▸ Dataset records:
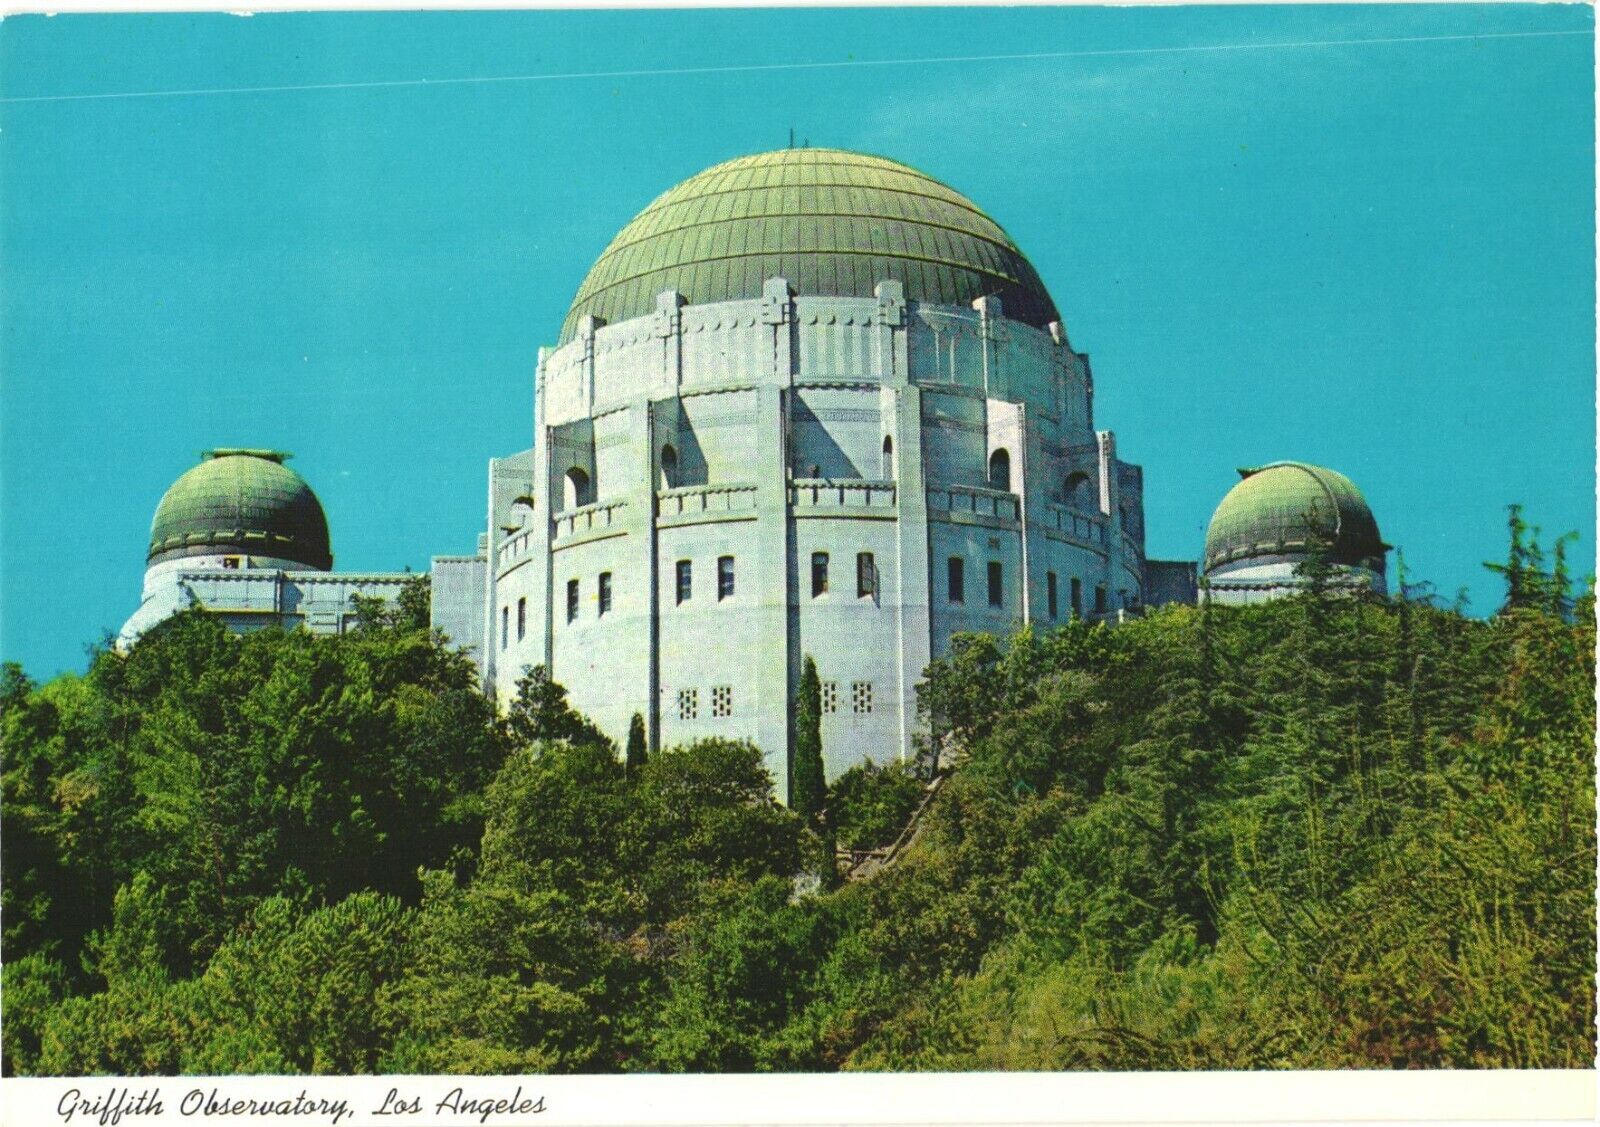 Solar Telescope & Twin Telescopes of Griffith Observatory, Los Angeles Postcard
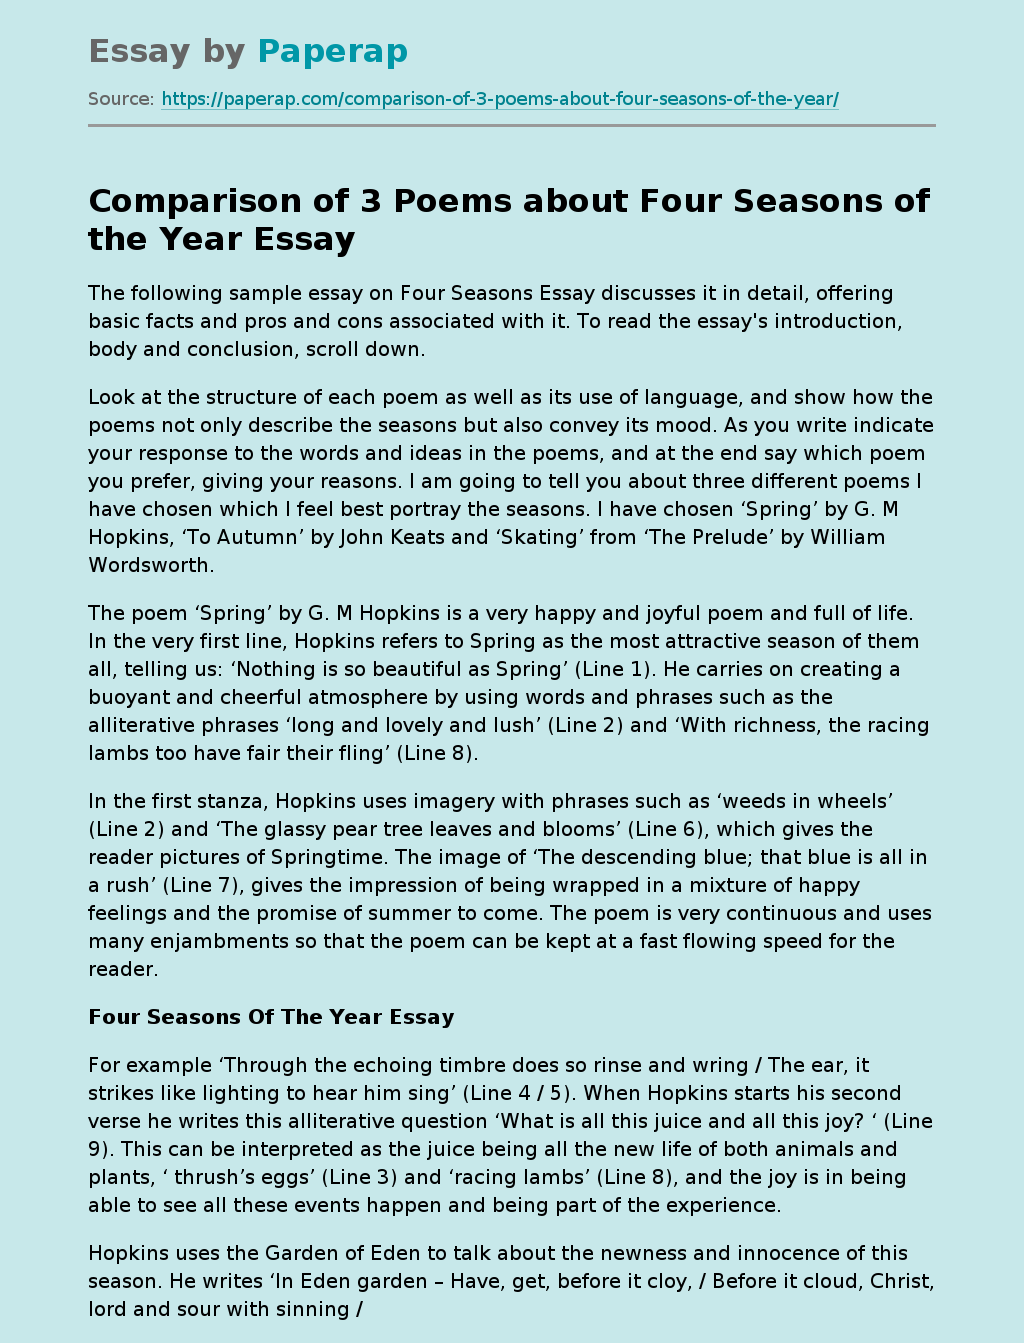 Comparison of 3 Poems about Four Seasons of the Year
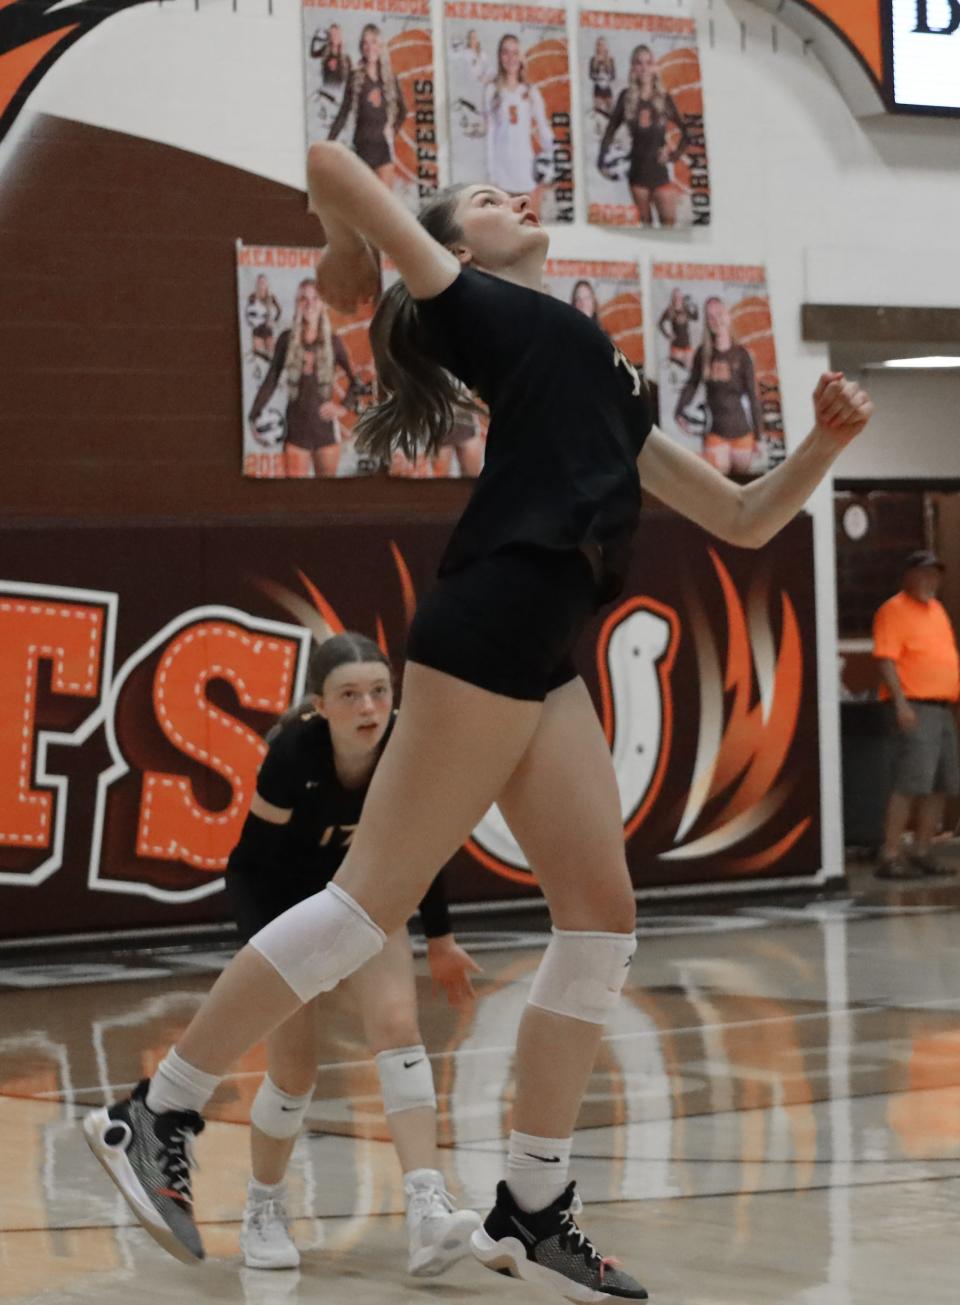 Tri-Valley's Eva Dittmar (14) jumps to spike the ball during the Tuesday's volleyball game at Meadowbrook High School.
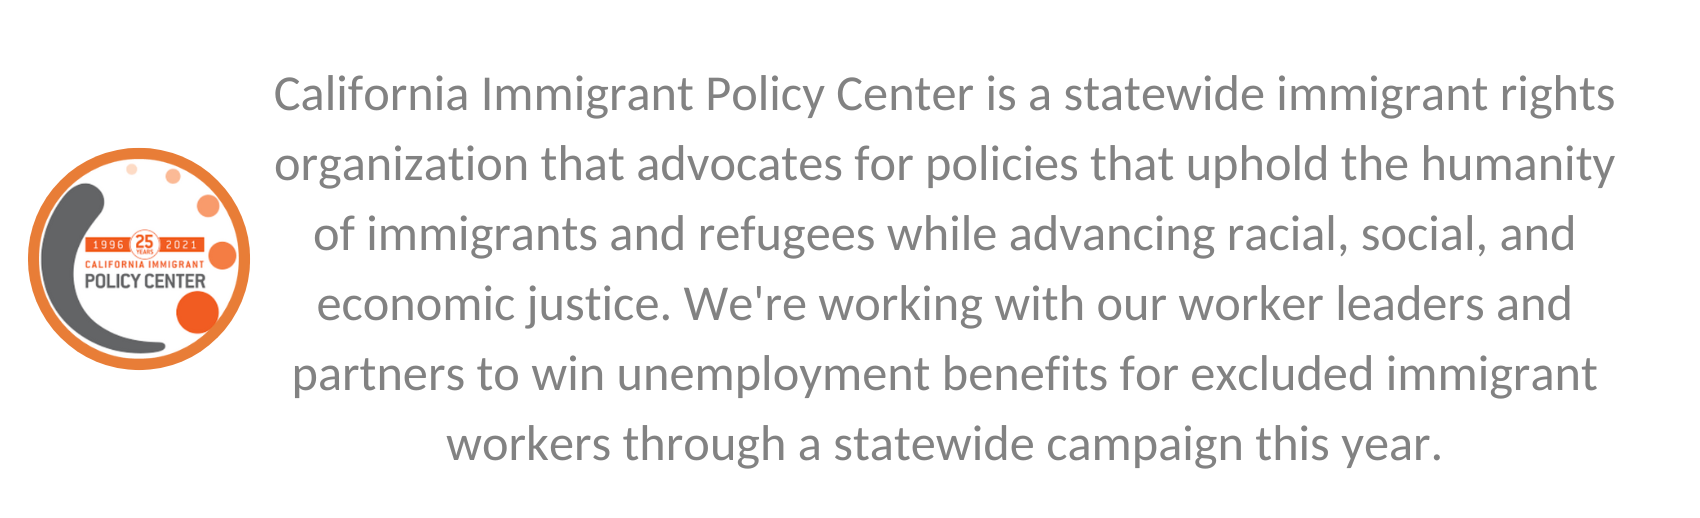 A quote from Irvine grantee California Immigrant Policy Center that says, "California Immigrant Policy Center is a statewide immigrant rights organization that advocates for policies that uphold the humanity of immigrants and refugees while advancing racial, social, and economic justice. We're working with our worker leaders and partners to win unemployment benefits for excluded immigrant workers through a statewide campaign this year."
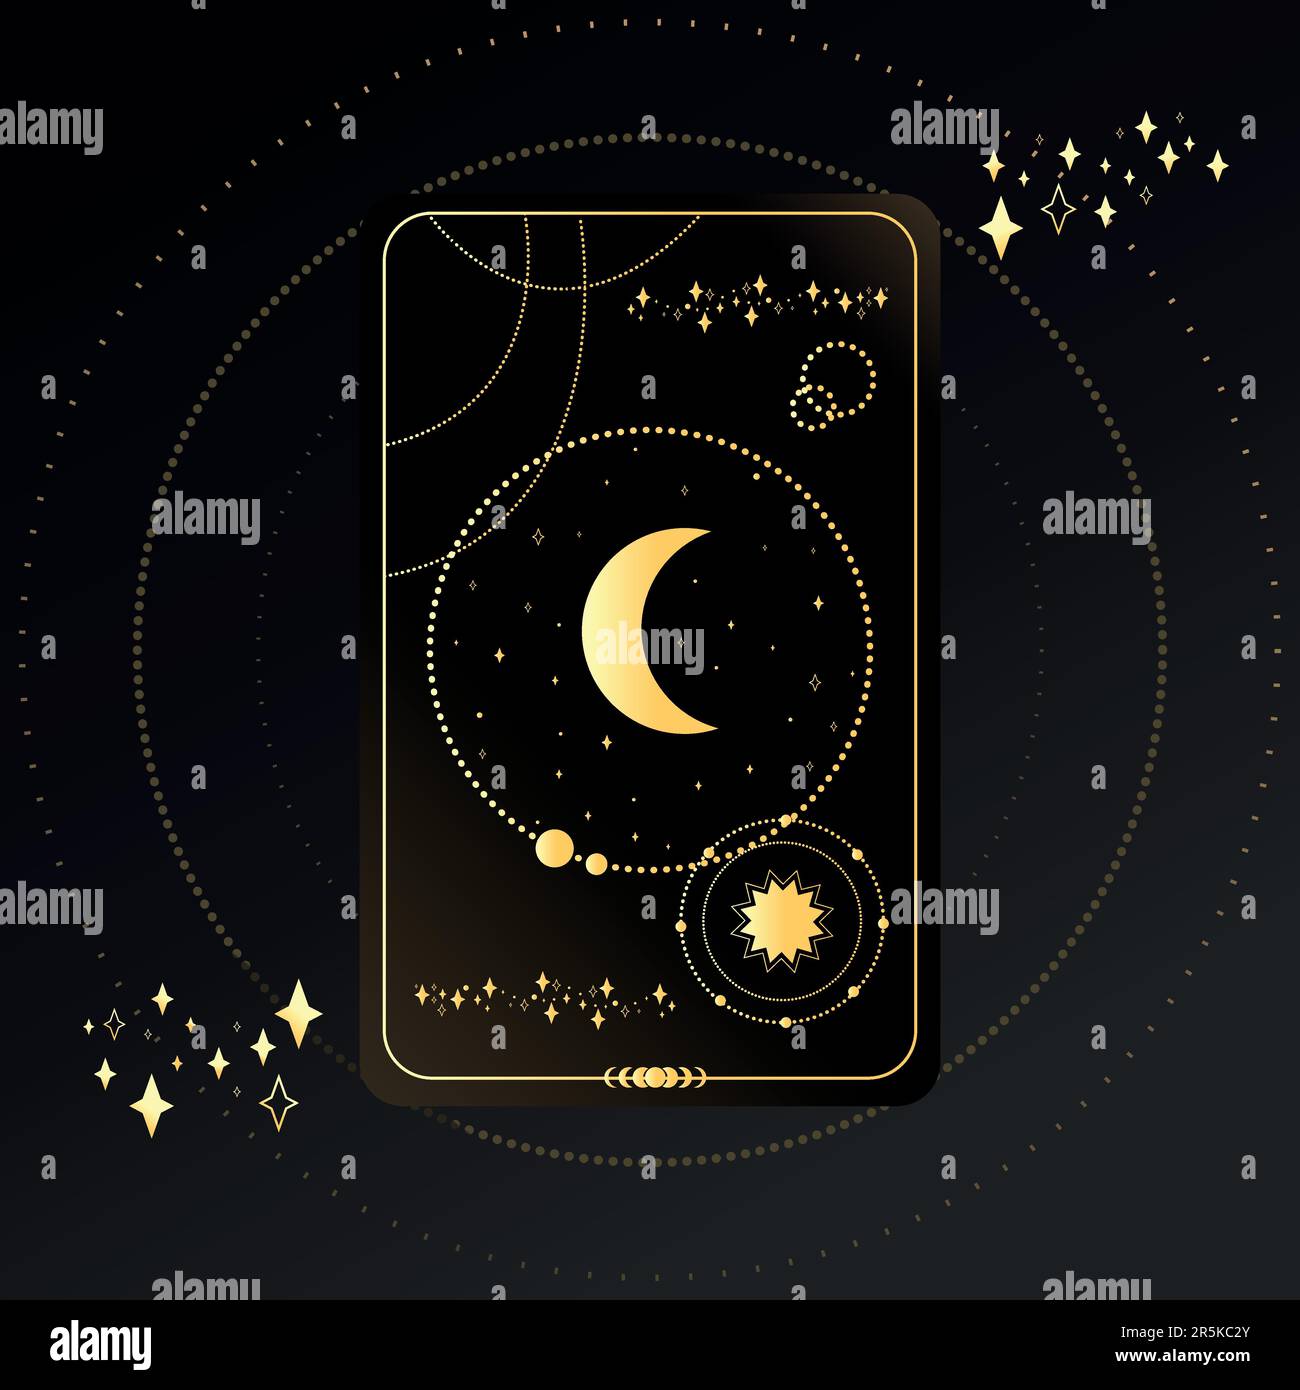 Gold Tarot card with a crescent on a black background with stars. Tarot symbolism. Mystery, astrology, esoteric Stock Vector

▸ What is being asked: All of the entries above are to be restated word for word, minus the images.

▸ Finished task:
 Solar Telescope & Twin Telescopes of Griffith Observatory, Los Angeles Postcard
 Comparison of 3 Poems about Four Seasons of the Year
 Tri-Valley's Eva Dittmar (14) jumps to spike the ball during the Tuesday's volleyball game at Meadowbrook High School.
 A quote from Irvine grantee California Immigrant Policy Center that says, "California Immigrant Policy Center is a statewide immigrant rights organization that advocates for policies that uphold the humanity of immigrants and refugees while advancing racial, social, and economic justice. We're working with our worker leaders and partners to win unemployment benefits for excluded immigrant workers through a statewide campaign this year."
 Gold Tarot card with a crescent on a black background with stars. Tarot symbolism. Mystery, astrology, esoteric Stock Vector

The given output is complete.